I think what often happens in those circumstances is confirmation bias. They see a gap and they see price move to fill the gap, and they link the price move to the gap fill, when the price move had nothing to do with the gap and everything to do with the sentiment. Because we are programmed to think in terms of patterns, it’s quite easy for traders to assume confluence or correlation means causation but that’s not the case. The fact that the market filled the gap and the reason why the price moved to the fill the gap is not the same.

Also keep in mind that a gap that occurs in line with the overall sentiment or bias for an asset is a positive sign for a potential continuation of the current trend to continue, but of course in certain circumstances a gap can create a great opportunity to use for fading a move that you know has gotten ahead of itself and using the gap as a trade target as the gap is filled.

So, to turn it into a practical example for today with the GBP, will I worry about the gap for the GBP? Not really. I still like the 1.33 regardless of the gap, the real thing I’m watching is whether sentiment on the Dollar on the GBP changes throughout the day, if that happens and we reach back or break below the 1.33 I’ll just re-evaluate to make sure I’m still trading in line with the current sentiment.

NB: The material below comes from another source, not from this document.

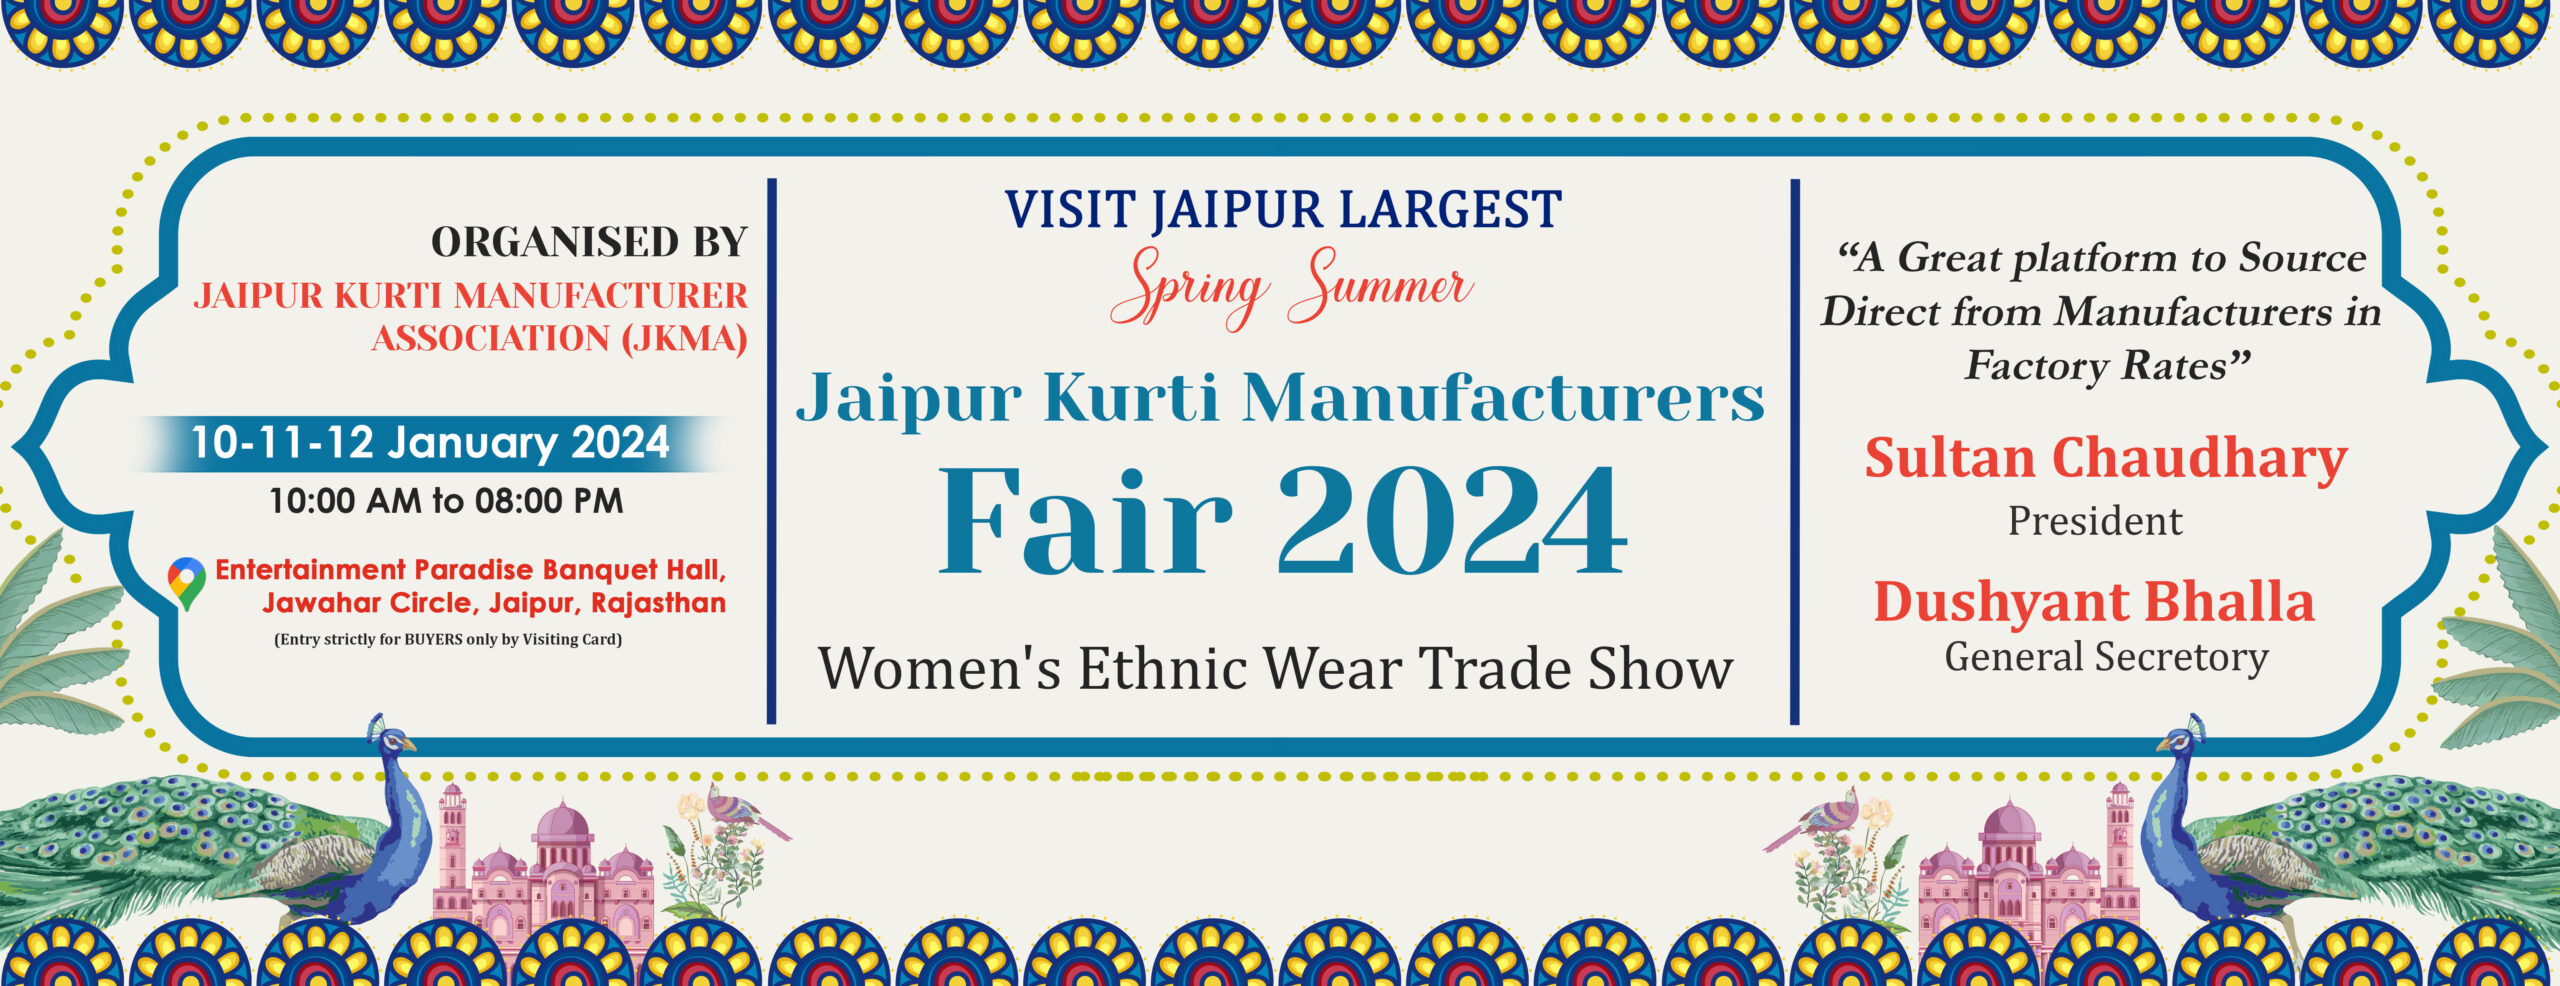 Jaipur Kurti Manufacturers Fair 2024 (Jaipur Garment Fair / JKMA Fair) ANNOUNCEMENT for Jaipur Kurti Manufacturers Fair 2024 by Jaipur Kurti Manufacturer Association in Jaipur ONLINE VISITORS #REGISTRATION IS NOW OPEN…! #REGISTER_ONLINE – SAVE RS 100 – AVOID LONG QUEUES AT REGISTRATION DESK Jaipur is the biggest of hub of manufacturing of Jaipuri Kurtis, Kurti Pant Sets, Kurti Dupatta Sets, Anarkalis, Anarkali Pant Dupatta Sets in Cotton, Rayon, Muslin, Silk, Modal, Chanderi, Handloom etc in variety of styles and patterns, Jaipur is supplying to all the Wholesale Markets, Retailers, Brands, Ecommerce Companies etc. Here is the chance to meet Direct Manufacturer of Kurtis having their own manufacturing units and factories in Sitapura Industrial Area, Mansarovar Industrial Area, Sanganer and other locations of Jaipur Rajasthan. Don’t Miss it…! Jaipur Kurti Manufacturer Association is organizing Jaipur Kurti Fair 2023 which is Jaipur’s Largest Spring / Summer Apparel Trade Expo in which all Wholesalers, Traders, Retailers, Brands, Ecommerce Companies, Garment Textile Agents are going to visit. Date: 10-11-12 January 2023 (3 Days) Venue: Entertainment Paradise Banquet Hall, Jaipur, Rajasthan Google Location of Venue: https://goo.gl/maps/F5jF63KyWR2Y7j5Z9 (Remember … Every Year – January – Jaipur Kurti Fair by Jaipur Kurti Manufacturer Association – Summer Booking – To Order Jaipuri Kurtis in Premium Cotton Prints from Direct Manufacturers) >>> Only Jaipur >>> Only Jaipur >>> Only Jaipur √ Share on your Social Media Accounts. √ Share on your WhatsApp Status √ Save in your Calendar √ Inform your contacts in your Network #kurti_fair_in_jaipur #kurti_expo_in_jaipur #kurti_tradeshow_in_jaipur #jaipurkurtimanufacturer #jaipurkurtiwholesale #cmai #springfair #summerfair #kurtiexpo #kurtifair #jaipur_kurti_fair_2023 #jkma_jaipur #kurti_fair_in_janauary_for_summer_booking #chennai_apparel_association #garmentfair #mumbaigarmentfair

But, in line with those stats I mentioned earlier, let’s just for practicality’s sake use the 40% for the S&P, this was quite a sizeable move so let’s say there is a roughly 30% change that the gap is eventually filled, might not be today or tomorrow or maybe the day after that, but according to that nothing stops us from anchoring our stops behind areas like this or using these areas as potential profit targets to the downside, because we know there is a big part of the trading community that will be looking at that exact same gap.